Черт с ней, с дружбой этой. Жил как-то раньше, и теперь проживу. А вот Лётчика жаль, что не будет.
… И в этот раз дверь открыла мама. И я услышал непривычное:
— А Иосиф? Дома?
Иосиф. Как странно. Я подписывал этим именем свои тетради, слышал его от взрослых. А сейчас кажется — услышал первый раз.
— Проходи, Никита, — сказала мама, — тапочки надевай, холодно у нас!
— Спасибо, — отозвался он, — я в школе уже поел…
— Никита, — засмеялась мама, — вытащи, наконец, свои наушники! Никого не слышишь…

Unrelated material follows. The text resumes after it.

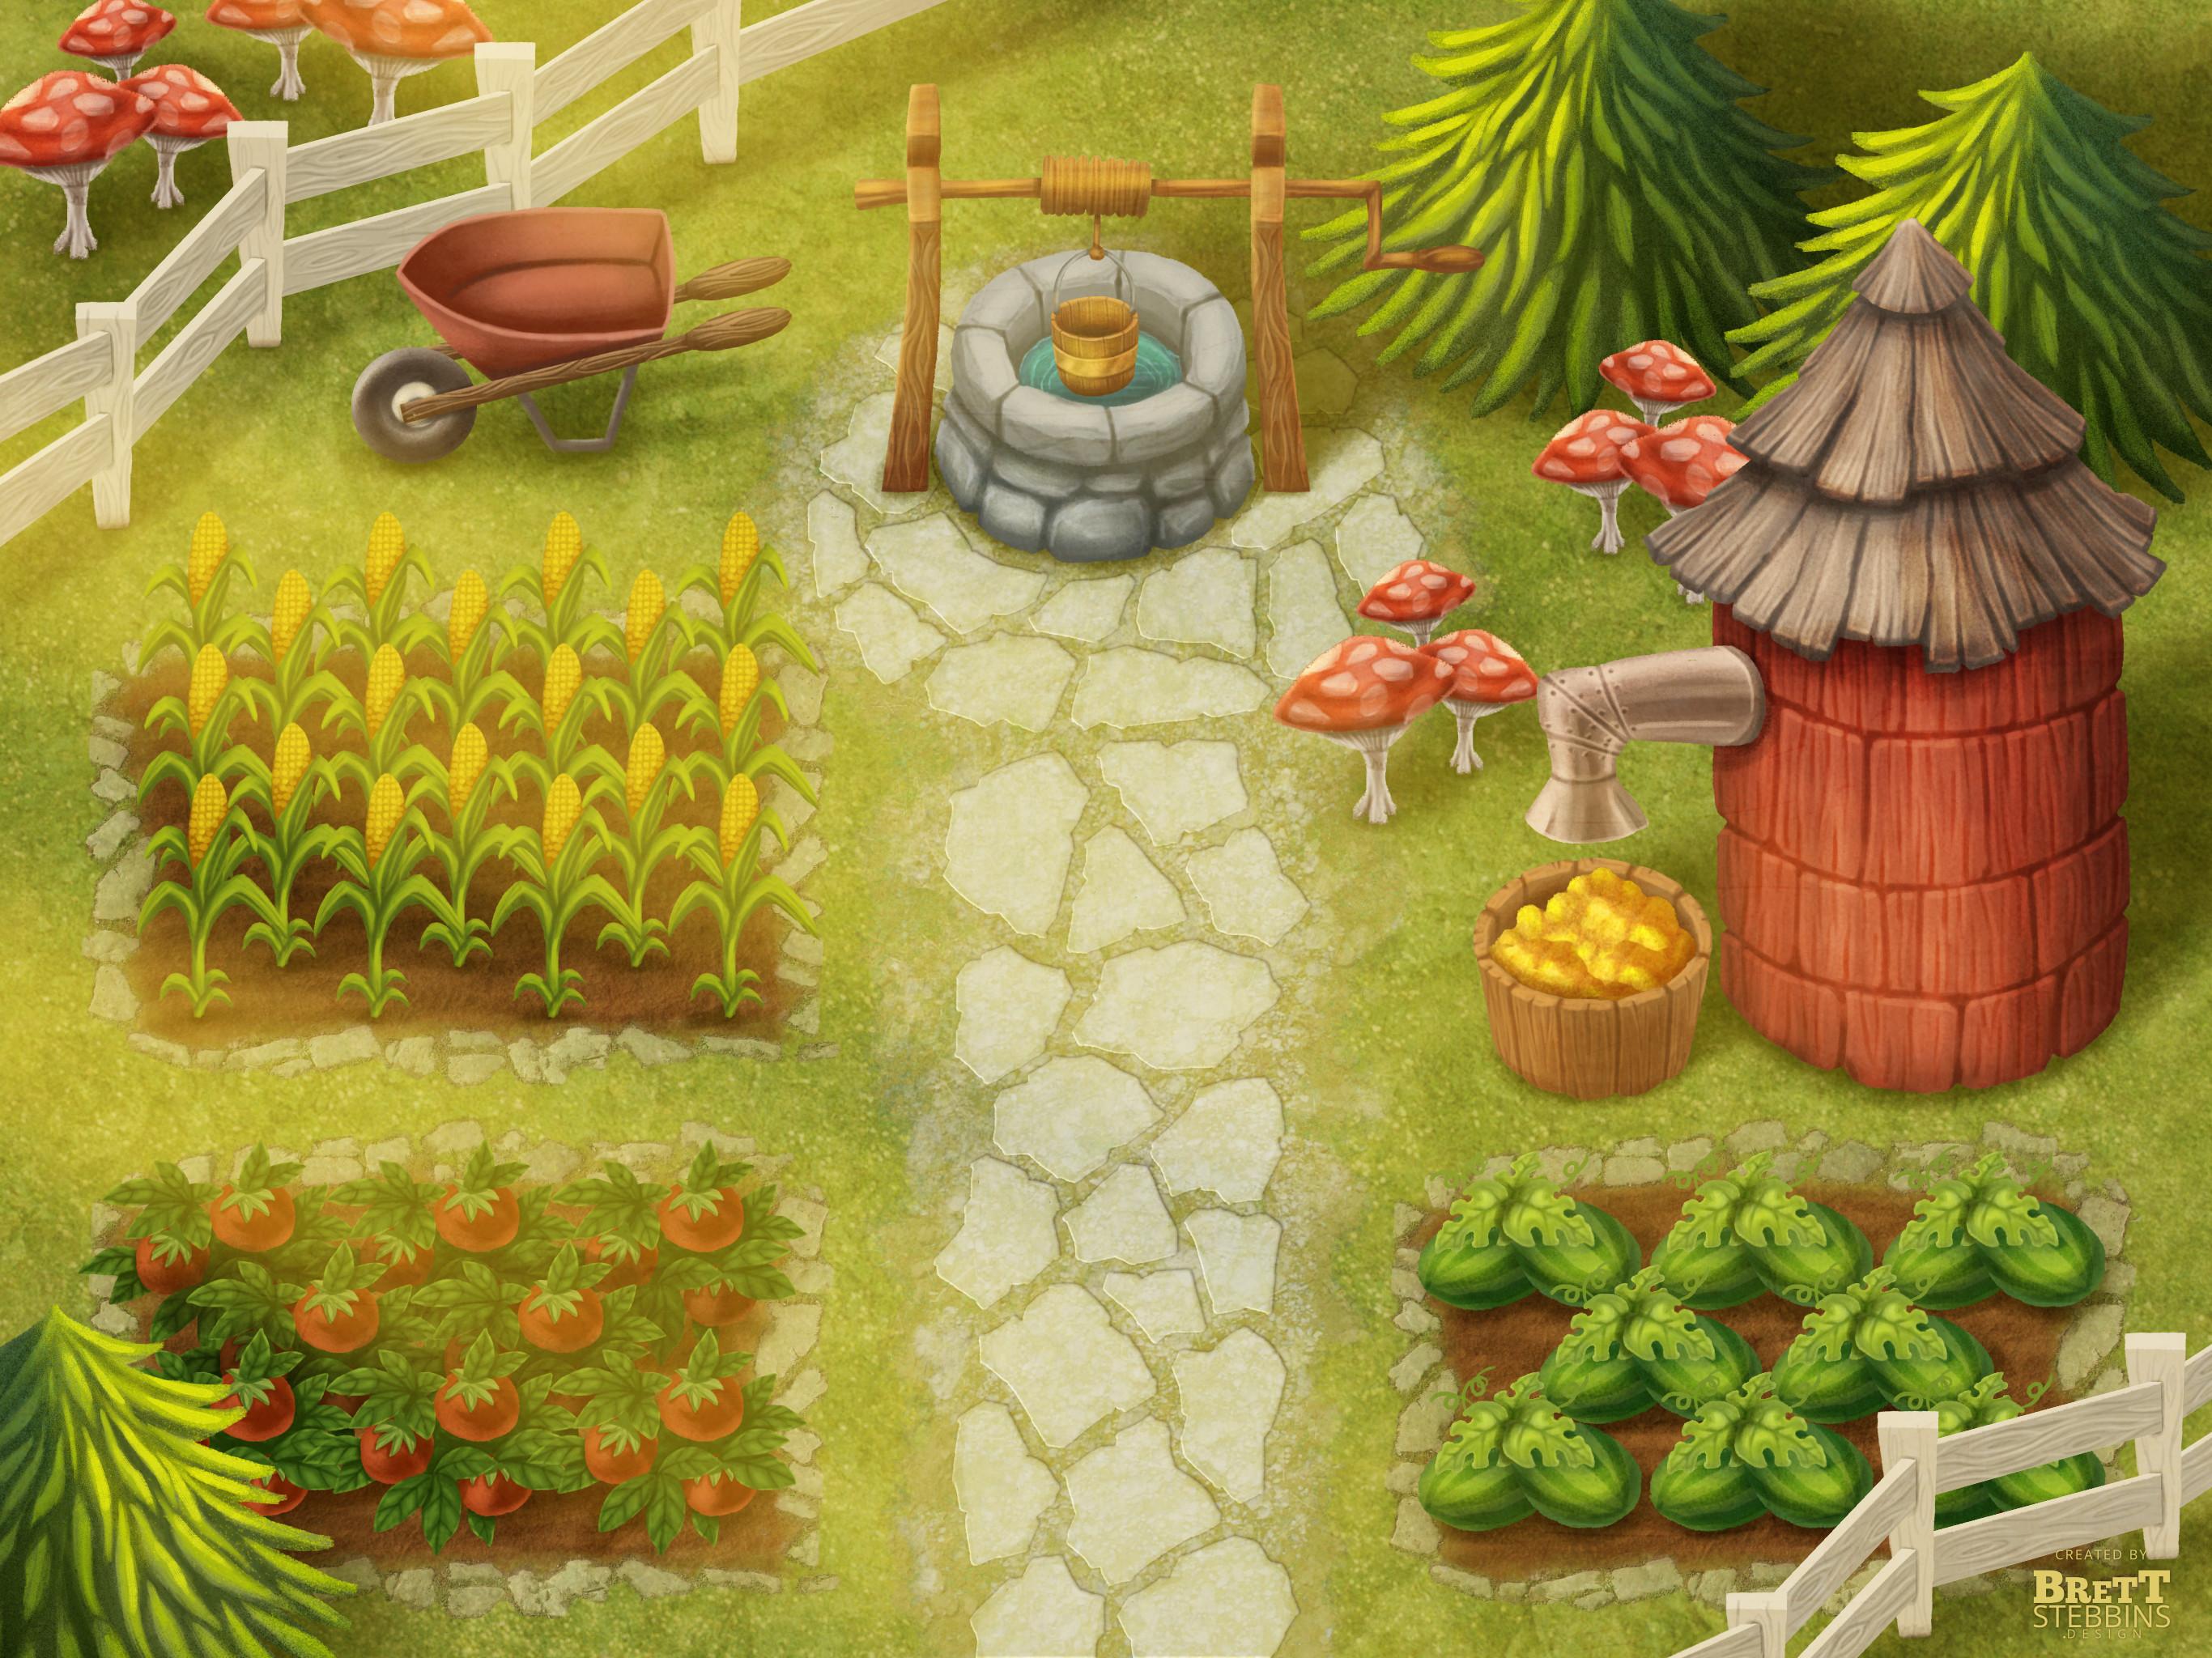 Final Concept Art - Garden Area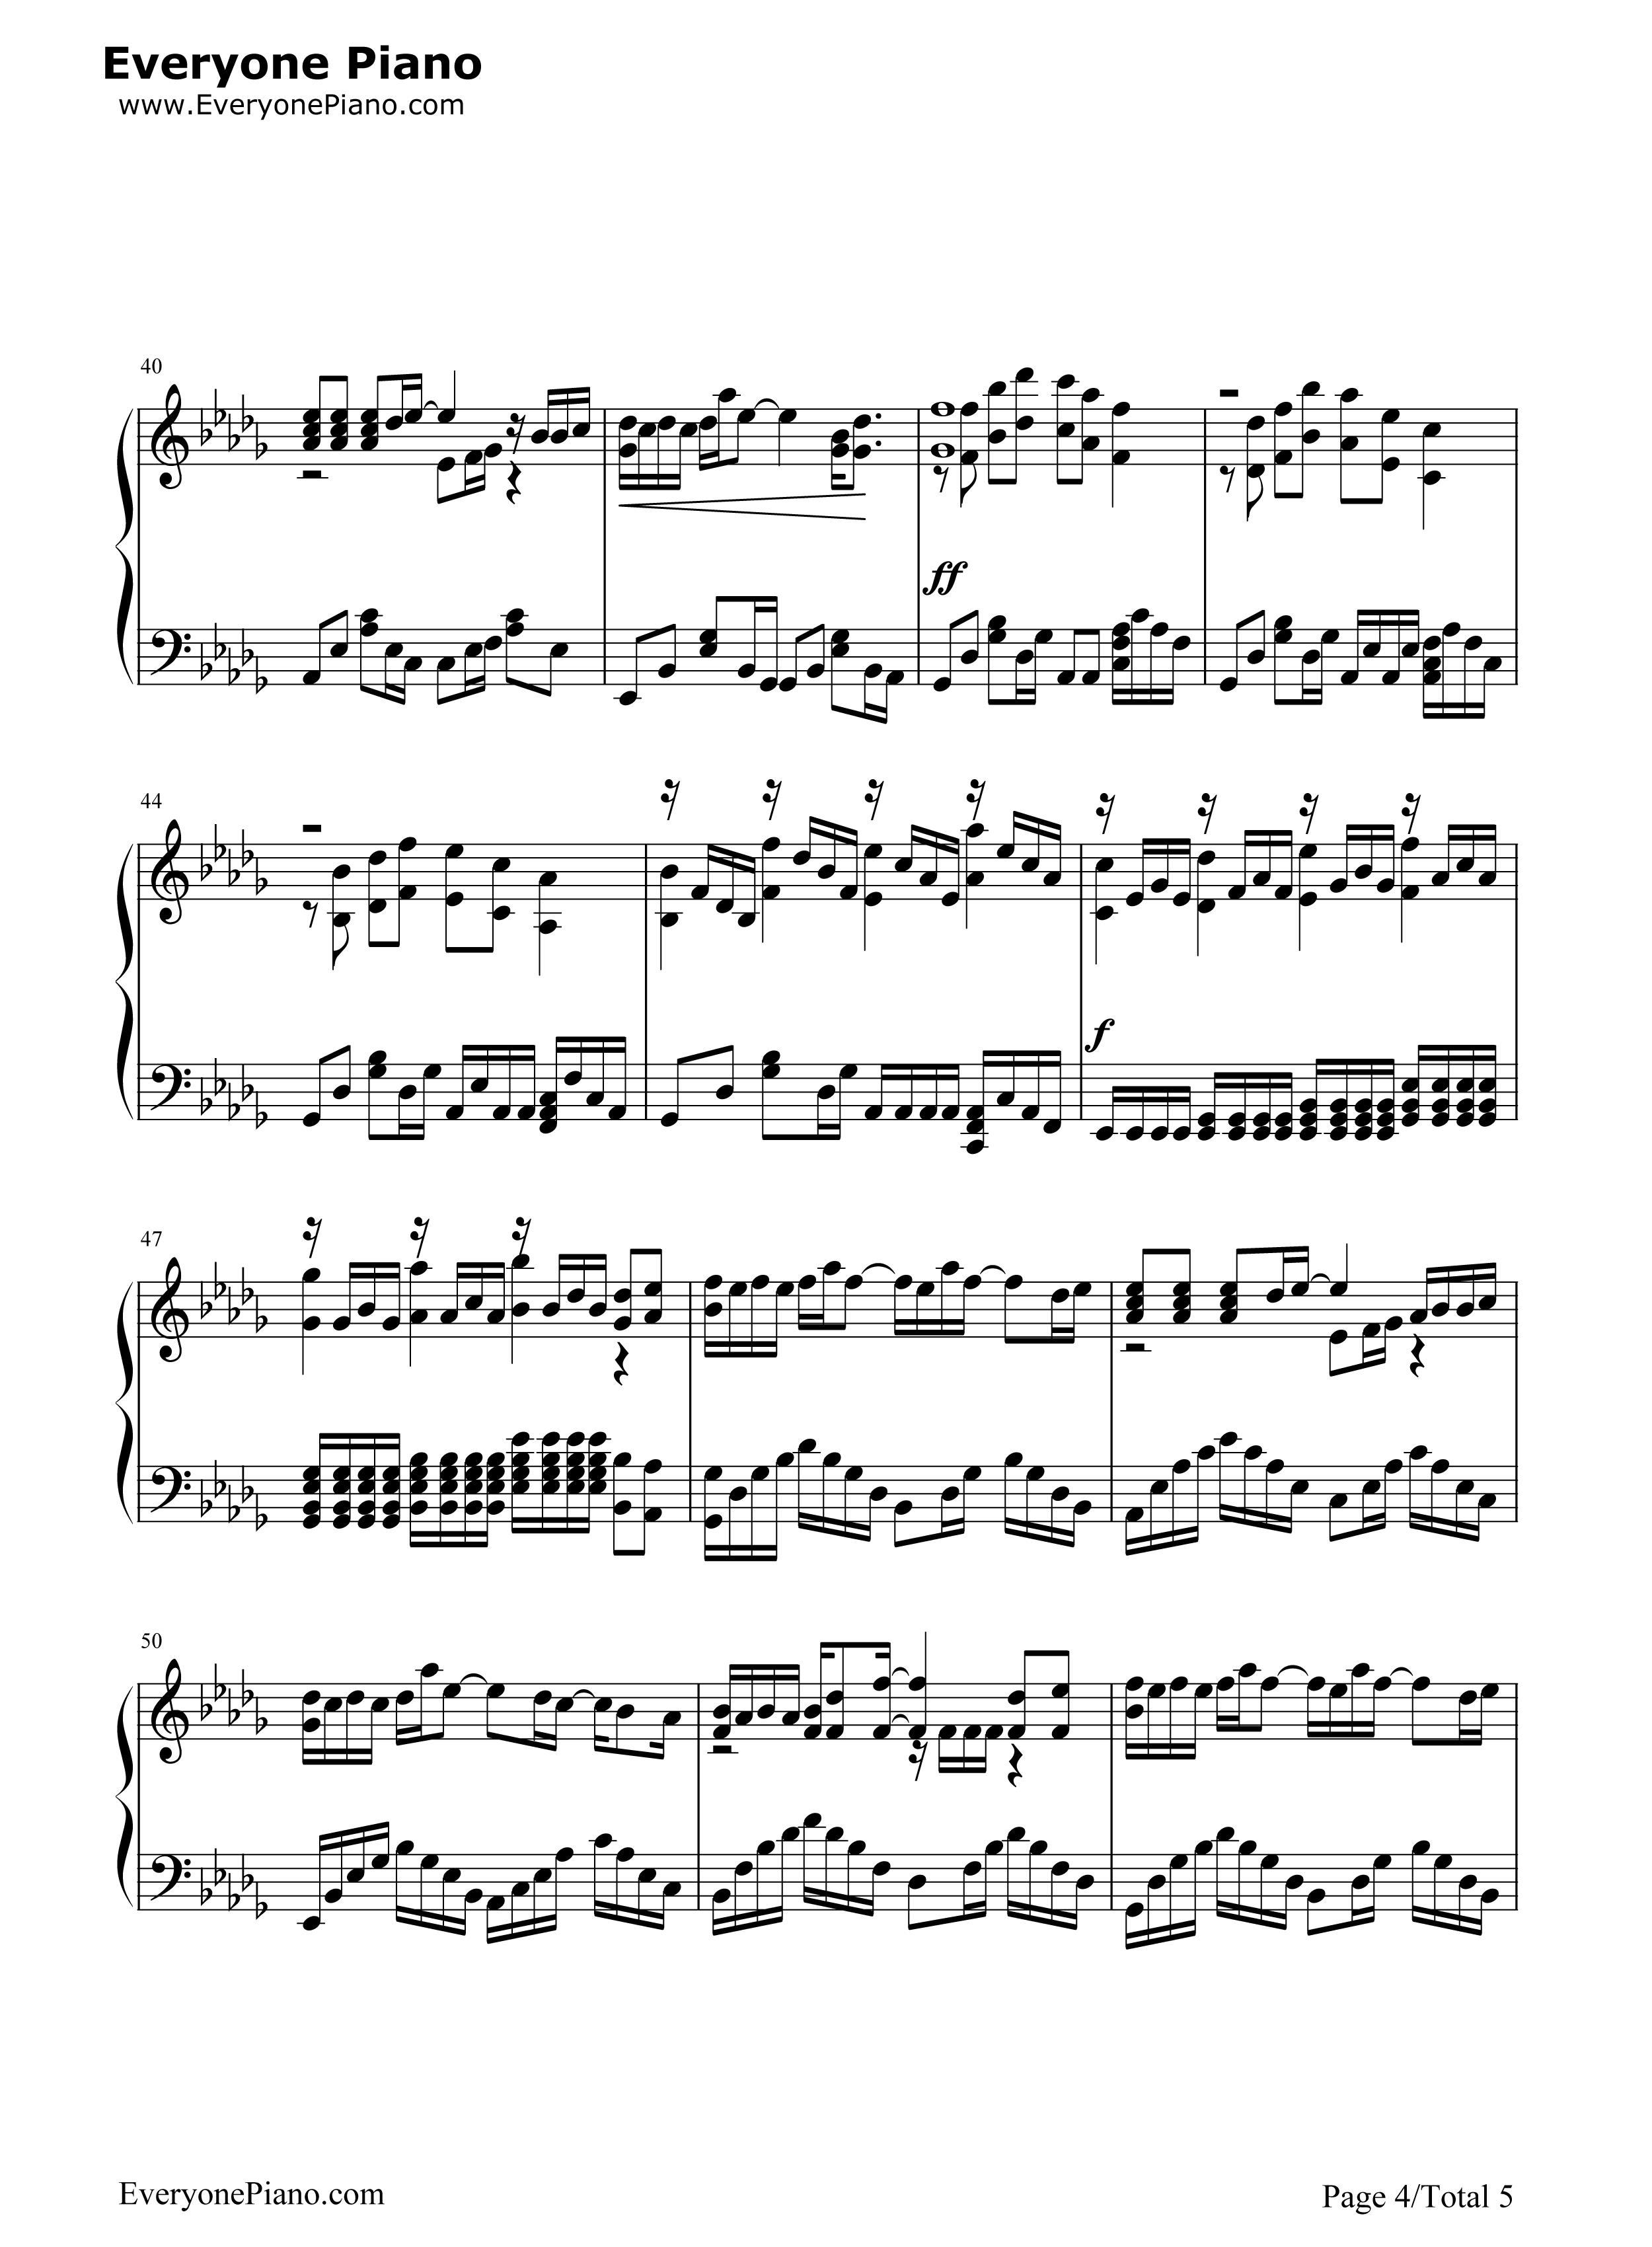 钢琴曲谱 流行 丑八怪-完整版 丑八怪-完整版五线谱预览4  }  仅供

И я понял. Вдруг. Сел на пол и чуть не заплакал, как маленький. Все-таки какой он псих, вечно в своих наушниках. Не слышал он гиреевских слов, просто не слышал. А я устроил трагедию, как дурак.
— Знаешь, Оська, мне всегда казалось — такое дурацкое имя у меня. У всех — нормальные, а у меня — на «а» кончается почему-то. И не сократить никак. Какое-то рабочее-крестьянское. А вот у тебя!!! Сумасшедшее прямо имя. Иосиф. Библейское. Прямо — чувствуешь связь времён. И-о-сиф. С ума сойти…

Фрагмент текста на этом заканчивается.